PURPOSE: The purpose of this study was to characterize the injury response of extraocular muscles (EOMs) in adult zebrafish. METHODS: Adult zebrafish underwent lateral rectus (LR) muscle myectomy surgery to remove 50% of the muscle, followed by molecular and cellular characterization of the tissue response to the injury. RESULTS: Following myectomy, the LR muscle regenerated an anatomically correct and functional muscle within 7 to 10 days post injury (DPI). Following injury, the residual muscle stump was replaced by a mesenchymal cell population that lost cell polarity and expressed mesenchymal markers. Next, a robust proliferative burst repopulated the area of the regenerating muscle. Regenerating cells expressed myod, identifying them as myoblasts. However, both immunofluorescence and electron microscopy failed to identify classic Pax7-positive satellite cells in control or injured EOMs. Instead, some proliferating nuclei were noted to express mef2c at the very earliest point in the proliferative burst, suggesting myonuclear reprogramming and dedifferentiation. Bromodeoxyuridine (BrdU) labeling of regenerating cells followed by a second myectomy without repeat labeling resulted in a twice-regenerated muscle broadly populated by BrdU-labeled nuclei with minimal apparent dilution of the BrdU signal. A double-pulse experiment using BrdU and 5-ethynyl-2'-deoxyuridine (EdU) identified double-labeled nuclei, confirming the shared progenitor lineage. Rapid regeneration occurred despite a cell cycle length of 19.1 hours, whereas 72% of the regenerating muscle nuclei entered the cell cycle by 48 hours post injury (HPI). Dextran lineage tracing revealed that residual myocytes were responsible for muscle regeneration. CONCLUSIONS: EOM regeneration in adult zebrafish occurs by dedifferentiation of residual myocytes involving a muscle-to-mesenchyme transition. A mechanistic understanding of myocyte reprogramming may facilitate novel approaches to the development of molecular tools for targeted therapeutic regeneration in skeletal muscle disorders and beyond.

Microanatomy of adult zebrafish extraocular muscles.

Binocular vision requires intricate control of eye movement to align overlapping visual fields for fusion in the visual cortex, and each eye is controlled by 6 extraocular muscles (EOMs).

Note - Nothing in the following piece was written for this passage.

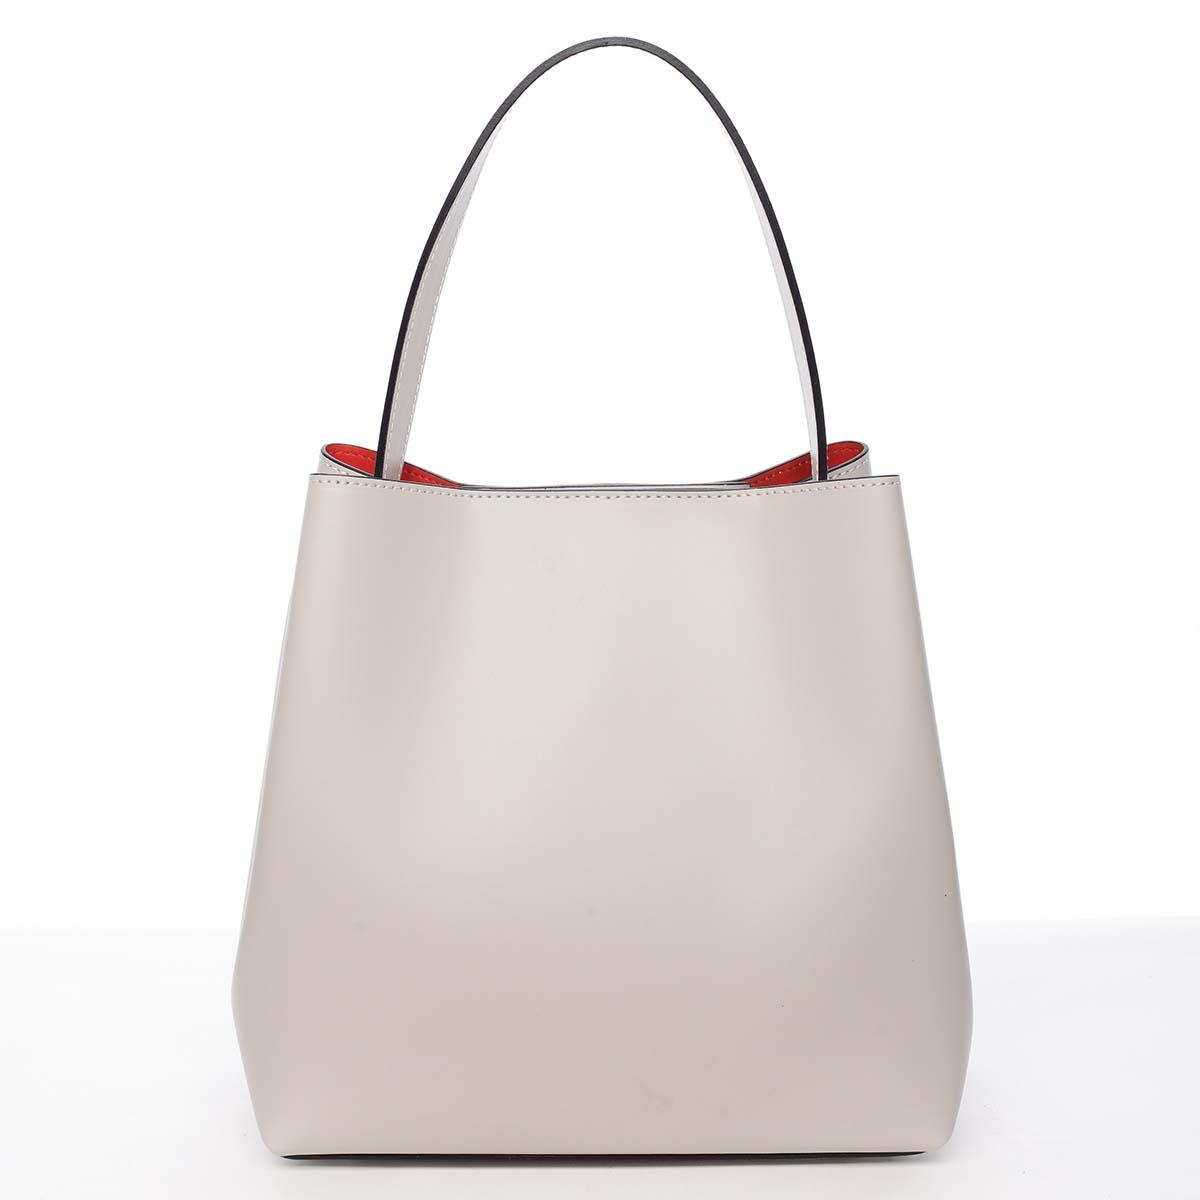 Dámska luxusná kožená kabelka béžová - ItalY Hania béžová

Disorders of EOMs are an important cause of symptomatic vision loss. Importantly, EOMs represent specialized skeletal muscles with distinct gene expression profile and susceptibility to neuromuscular disorders. We aim to investigate and describe the anatomy of adult zebrafish extraocular muscles (EOMs) to enable comparison with human EOM anatomy and facilitate the use of zebrafish as a model for EOM research. Using differential interference contrast (DIC), epifluorescence microscopy, and precise sectioning techniques, we evaluate the anatomy of zebrafish EOM origin, muscle course, and insertion on the eye. Immunofluorescence is used to identify components of tendons, basement membrane and neuromuscular junctions (NMJs), and to analyze myofiber characteristics. We find that adult zebrafish EOM insertions on the globe parallel the organization of human EOMs, including the close proximity of specific EOM insertions to one another. However, analysis of EOM origins reveals important differences between human and zebrafish, such as the common rostral origin of both oblique muscles and the caudal origin of the lateral rectus muscles. Thrombospondin 4 marks the EOM tendons in regions that are highly innervated, and laminin marks the basement membrane, enabling evaluation of myofiber size and distribution. The NMJs appear to include both en plaque and en grappe synapses, while NMJ density is much higher in EOMs than in somatic muscles. In conclusion, zebrafish and human EOM anatomy are generally homologous, supporting the use of zebrafish for studying EOM biology. However, anatomic differences exist, revealing divergent evolutionary pressures.